◆ **WHAT TO WORK ON**:
Starting with the line that has "On Large Language Models", retype each line down to the end of the entries below, without leaving any out or adding any.

Data extracted from a collection:
<<<<
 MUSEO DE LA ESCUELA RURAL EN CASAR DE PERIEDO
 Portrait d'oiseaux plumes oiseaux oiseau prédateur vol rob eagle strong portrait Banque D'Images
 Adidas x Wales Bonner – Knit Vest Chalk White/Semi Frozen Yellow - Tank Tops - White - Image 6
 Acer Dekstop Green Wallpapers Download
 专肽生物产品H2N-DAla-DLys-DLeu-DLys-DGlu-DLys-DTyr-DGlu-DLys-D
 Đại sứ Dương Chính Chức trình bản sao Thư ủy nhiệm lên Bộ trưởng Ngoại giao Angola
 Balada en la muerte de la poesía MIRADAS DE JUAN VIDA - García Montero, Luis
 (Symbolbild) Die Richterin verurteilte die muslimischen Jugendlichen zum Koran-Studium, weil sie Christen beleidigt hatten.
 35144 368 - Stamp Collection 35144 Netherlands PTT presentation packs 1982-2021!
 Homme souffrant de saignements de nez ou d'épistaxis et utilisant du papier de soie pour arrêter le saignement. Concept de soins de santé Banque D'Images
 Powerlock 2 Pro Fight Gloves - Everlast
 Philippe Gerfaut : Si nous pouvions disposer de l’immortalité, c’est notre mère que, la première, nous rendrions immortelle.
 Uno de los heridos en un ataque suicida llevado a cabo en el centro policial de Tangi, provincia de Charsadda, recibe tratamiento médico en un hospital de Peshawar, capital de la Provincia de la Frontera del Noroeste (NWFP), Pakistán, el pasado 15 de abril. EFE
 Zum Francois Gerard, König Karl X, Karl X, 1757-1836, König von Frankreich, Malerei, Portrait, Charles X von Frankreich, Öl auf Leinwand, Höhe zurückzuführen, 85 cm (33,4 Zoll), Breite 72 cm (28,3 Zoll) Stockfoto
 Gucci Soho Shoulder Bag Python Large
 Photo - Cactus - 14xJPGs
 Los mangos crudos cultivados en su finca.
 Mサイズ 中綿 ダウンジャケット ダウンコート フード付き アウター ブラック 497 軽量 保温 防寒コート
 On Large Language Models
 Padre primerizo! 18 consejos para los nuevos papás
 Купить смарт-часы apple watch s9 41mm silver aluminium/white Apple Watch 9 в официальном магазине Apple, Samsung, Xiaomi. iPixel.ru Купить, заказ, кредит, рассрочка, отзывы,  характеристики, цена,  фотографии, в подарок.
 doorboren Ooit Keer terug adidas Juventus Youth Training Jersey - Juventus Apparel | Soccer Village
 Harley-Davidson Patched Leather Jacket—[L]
>>>>
◆ **REPLY**:
 On Large Language Models
 Padre primerizo! 18 consejos para los nuevos papás
 Купить смарт-часы apple watch s9 41mm silver aluminium/white Apple Watch 9 в официальном магазине Apple, Samsung, Xiaomi. iPixel.ru Купить, заказ, кредит, рассрочка, отзывы,  характеристики, цена,  фотографии, в подарок.
 doorboren Ooit Keer terug adidas Juventus Youth Training Jersey - Juventus Apparel | Soccer Village
 Harley-Davidson Patched Leather Jacket—[L]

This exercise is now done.